ASCO Issues Clinical Recommendations on Aromatase Inhibitors
The American Society of Clinical Oncology (ASCO) has issued an updated technology assessment stating that aromatase inhibitors are appropriate to use as adjuvant therapy for postmenopausal women with hormone receptor-positive breast cancer to lower the risk of tumor recurrence. The assessment, which focused on anastrozole, letrozole, and exemestane, was published online at http://www.jco.org on Nov. 15, ahead of print in the Journal of Clinical Oncology.

This new technology assessment updates ASCO's previous recommendation on adjuvant hormonal therapy for this patient group. These new recommendations, based on results from multiple large randomized trials, indicate that aromatase inhibitors can be used either following initial adjuvant treatment with tamoxifen or as initial treatment. Options include treatment with tamoxifen for 2 to 5 years, followed by treatment with aromatase inhibitors, or treatment for 5 years with an aromatase inhibitor alone.

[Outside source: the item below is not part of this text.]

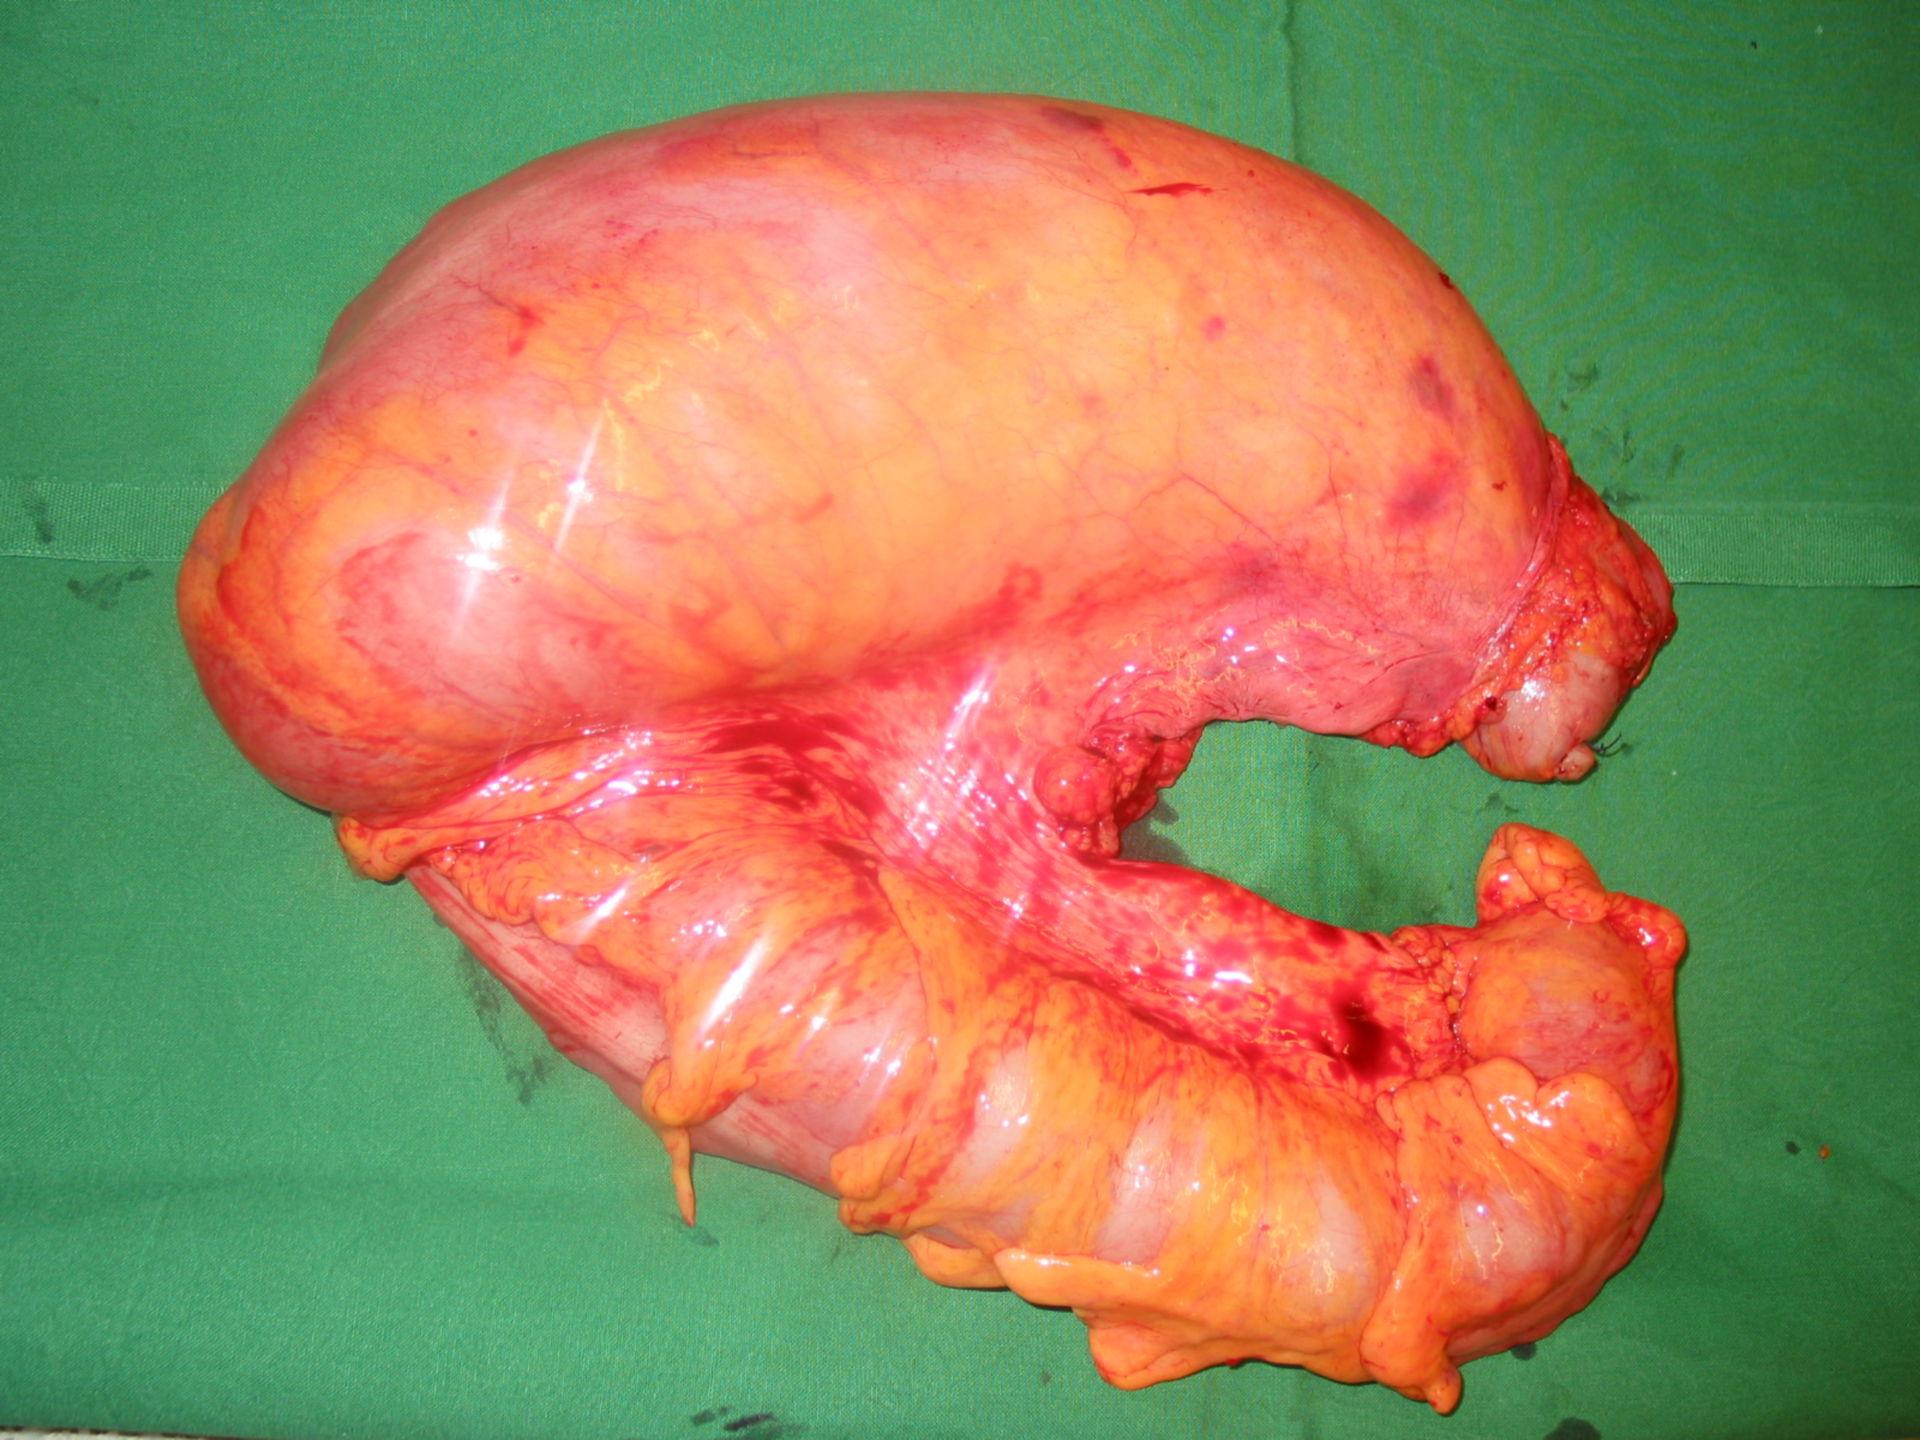 Morbus Hirschsprung - ODS (obstruktives Defäkationssyndrom)
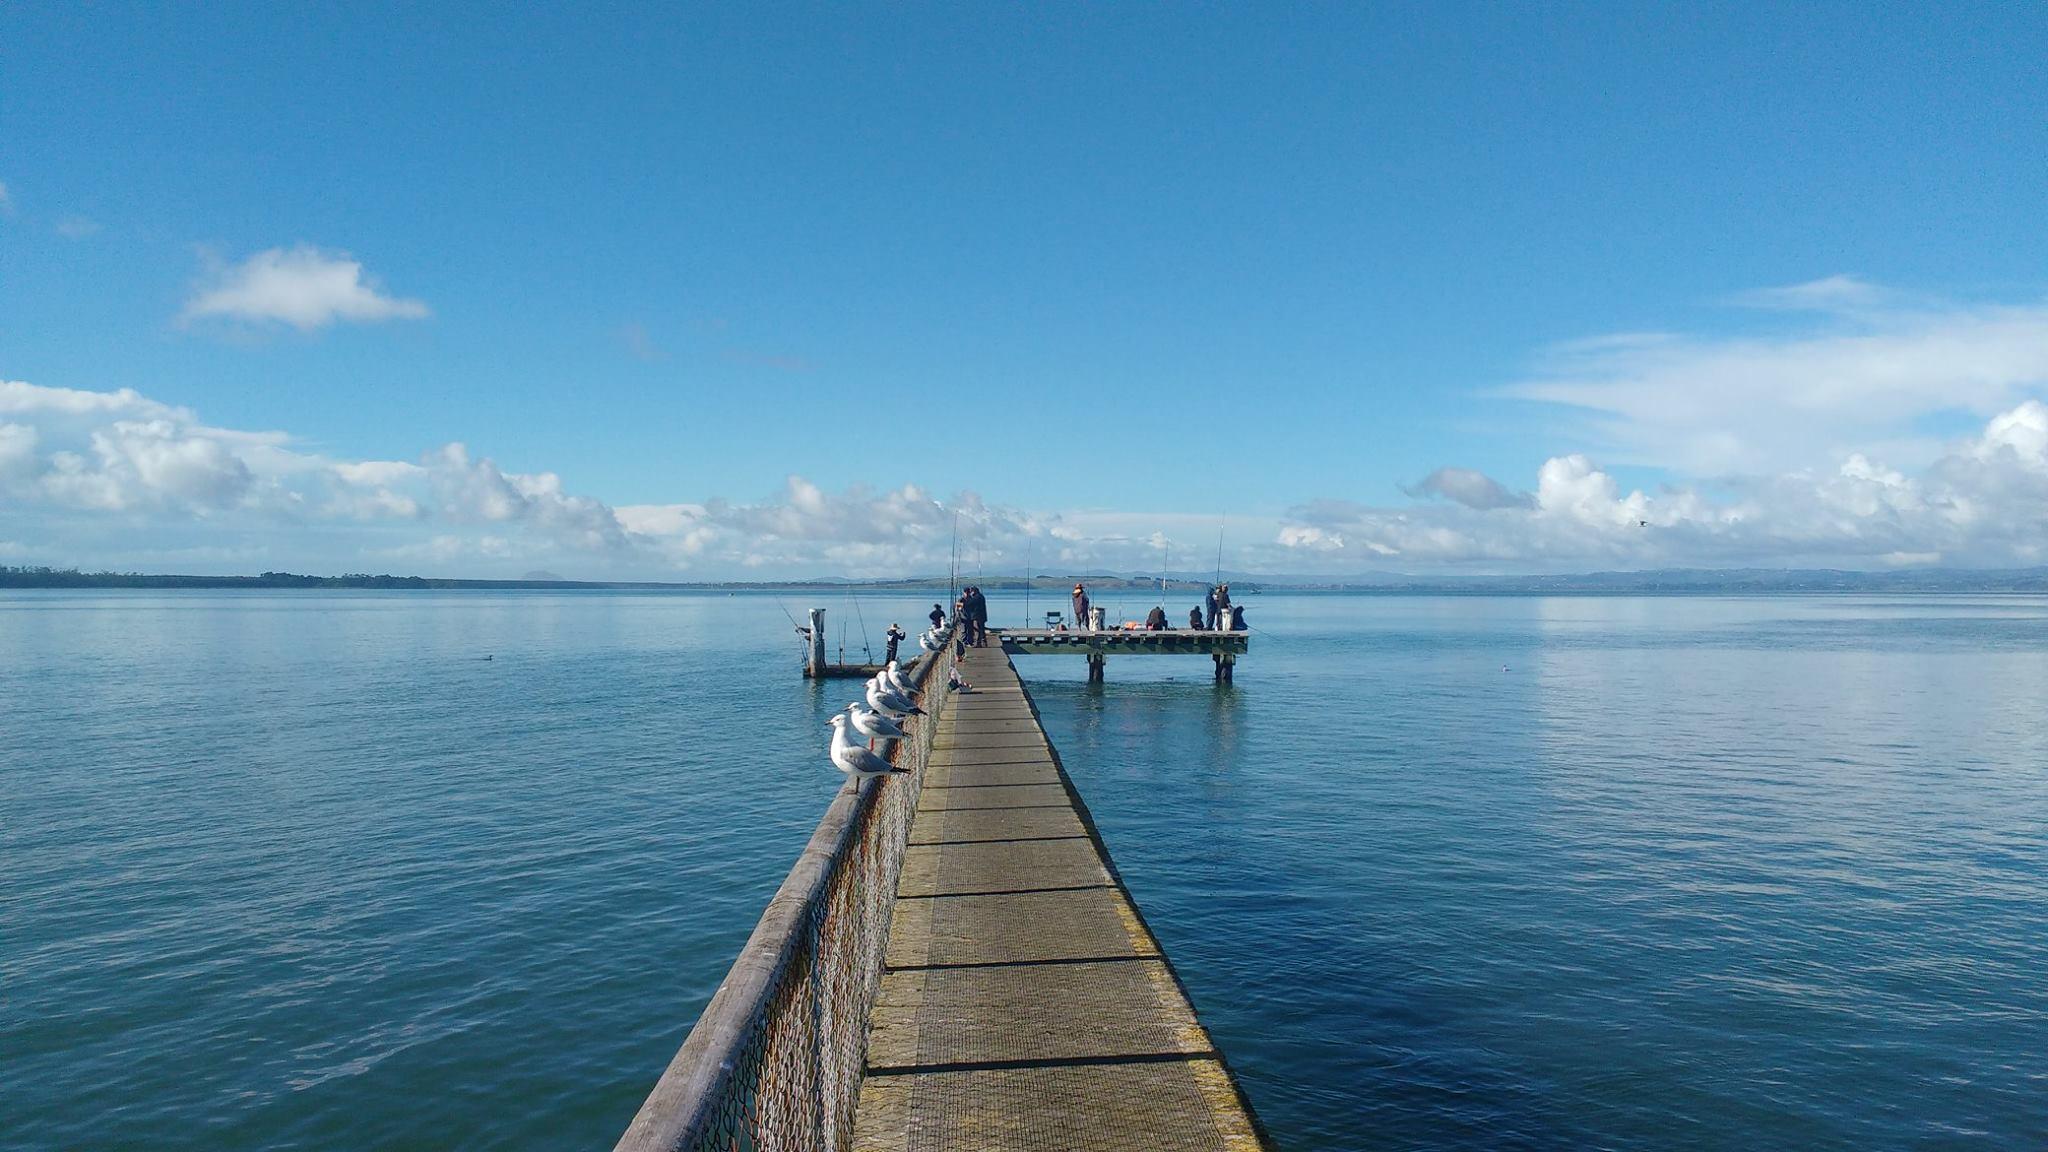 ニュージーランド旅ブログ・真冬の6週間縦断②【ロトルア】

"Many practicing oncologists have incorporated aromatase inhibitors into their standard practice," explains Dr. Jo Anne Zujewski, senior investigator in NCI's Clinical Trials Evaluation Program. "This update signifies that there is agreement that aromatase inhibitors are now considered standard therapy for these patients."

A patient version of the clinical practice recommendations is available online at http://www.PLWC.org.

FDA Approves Tarceva for Non-Small-Cell Lung Cancer
After fast-track review, the FDA has approved Tarceva (erlotinib) for treatment of locally advanced or metastatic non-small-cell lung cancer. The drug, which targets the EGFR1 pathway, is recommended once a day for patients who have failed to improve after at least one prior chemotherapy regimen. The FDA based its approval on results from a randomized phase III trial in which patients receiving Tarceva had a median survival that was 42.5 percent higher than patients who received a placebo - the first time that an EGFR-targeted therapy has gone beyond shrinking tumors to show a survival effect. A year after treatment, 31.2 percent of patients receiving Tarceva were still alive, compared with 21.5 percent of patients who had received placebo. In addition, Tarceva has fewer side effects (the most common being rash and diarrhea) than most other chemotherapeutic agents.